Economists bicker over the extent to which mass stimulus will unleash inflation. The more pertinent question is: how will we know?
Inflation indices are imperfect metrics at the best of times. The components — a representative basket of goods used to measure price movements — are reshuffled on an annual basis at best. Japan waits for five years. That nation of pet lovers only added cat litter in 2015. In Britain, ubiquitous reusable water bottles only made it into the index a few months ago.
Coronavirus has upended those baskets. Britain added airport parking to its 2020 CPI measure of prices published on March 25, by which time few people were flying anywhere. The restaurants and hotels that command a 9.6 per cent weighting were equally empty. Instead, housebound citizens were baking bread and eating in, resulting in a super-sizing of groceries’ 24 per cent share.

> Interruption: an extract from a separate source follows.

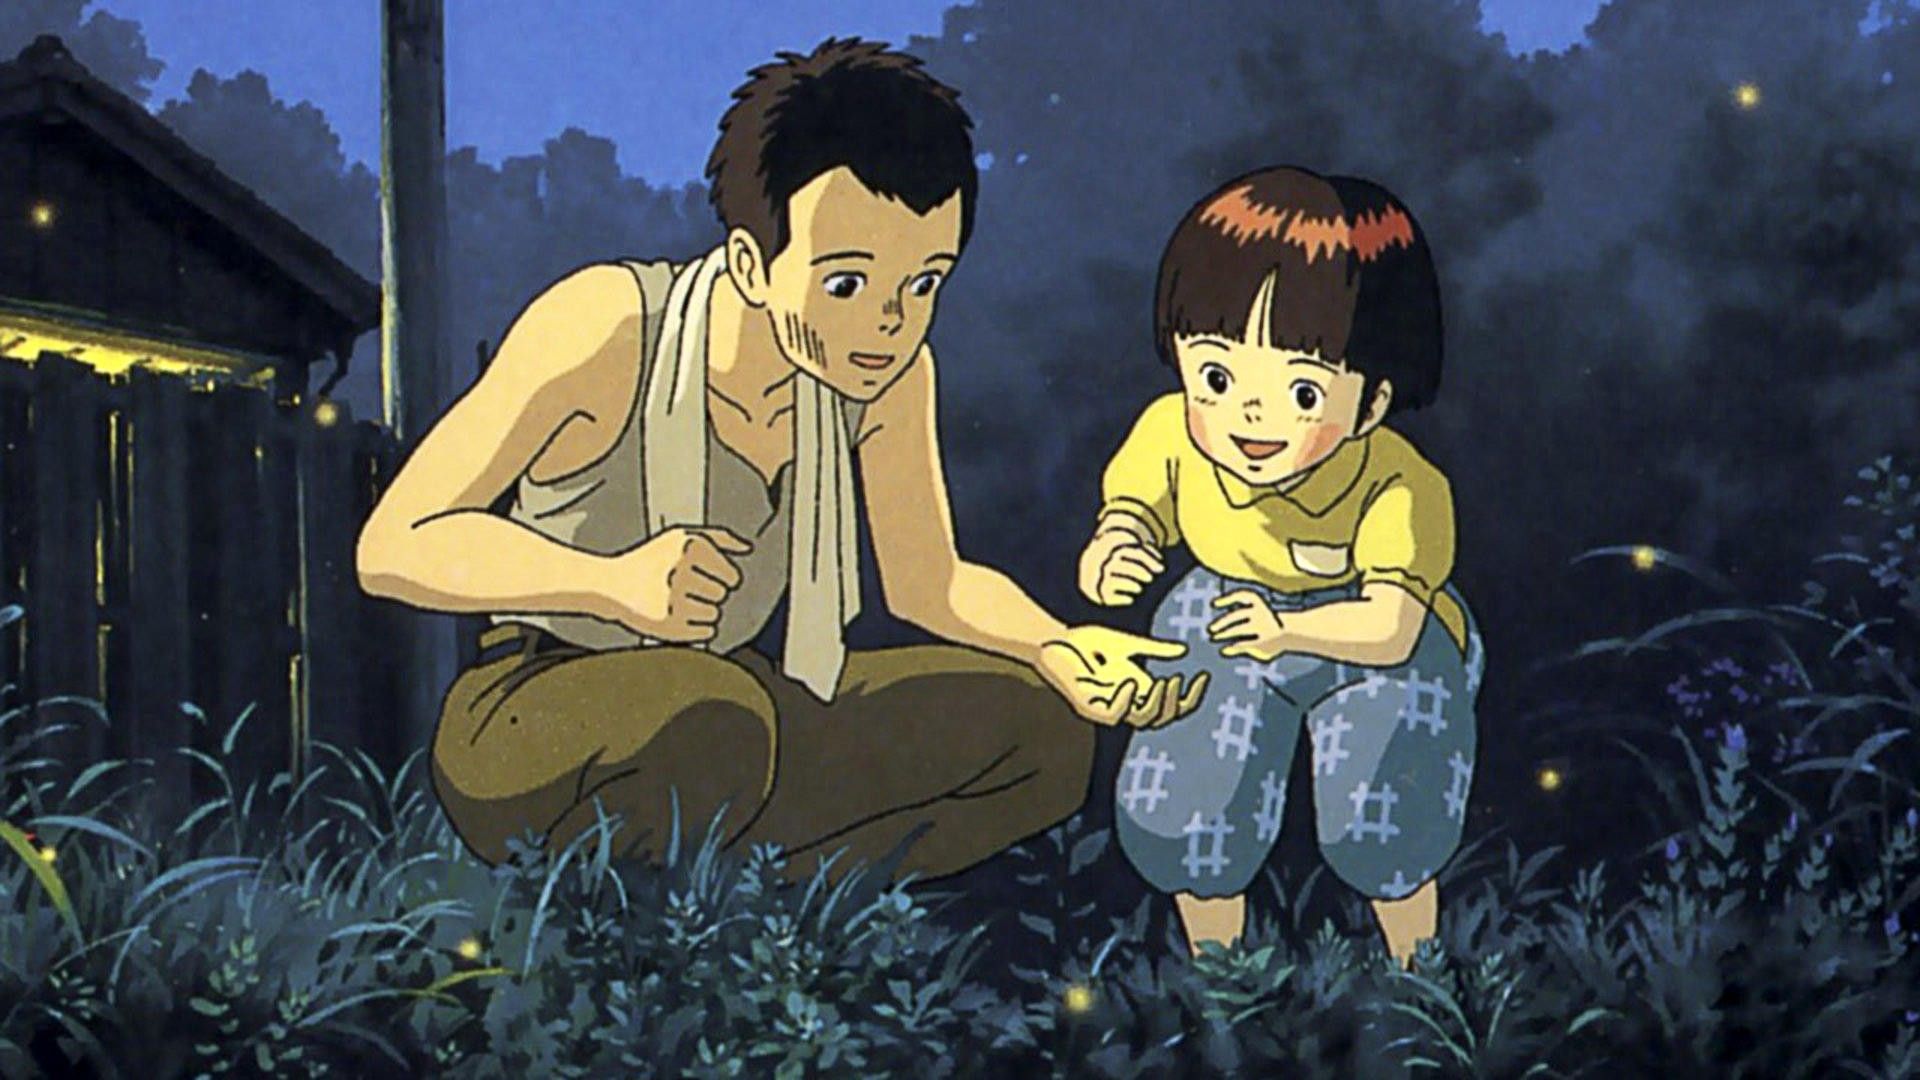 Art House: wartime animation Grave of the Fireflies is a depressing masterpiece. South China Morning Post

Academics and think-tanks have taken stabs at creating more realistic baskets. Alberto Cavallo in a paper for US think-tank National Bureau of Economic Research uses publicly available credit and debit card-based expenditure data to establish lockdown spending habits. This implies a halving of the weighting given to both transport and recreation. Food consumed at home gets a lift of half as much again. Using this basket in April would give an inflation rate of 1.06 per cent, three times the official US CPI rate of 0.35 per cent.
Compiling indices is onerous. In the UK, it entails collecting 180,000 price quotations every month covering 720 items and services in 140 locations. Doing so online during lockdown may have underplayed the role of offline-only corner stores with higher price tags. It also misses subtleties such as two-for-one offers largely curtailed during lockdown.
Central banks, including the Bank of England and Bank of Canada, acknowledge the issue. Europe advises imputation, carrying forward the last used price. Yet newly reopened salons are taking advantage of pent-up demand to charge more for a haircut than they did in January.
Given the prevalence of inflation as a benchmark for everything from monetary policy to wage negotiations, taxes and benefits, it is worth redoing the sums.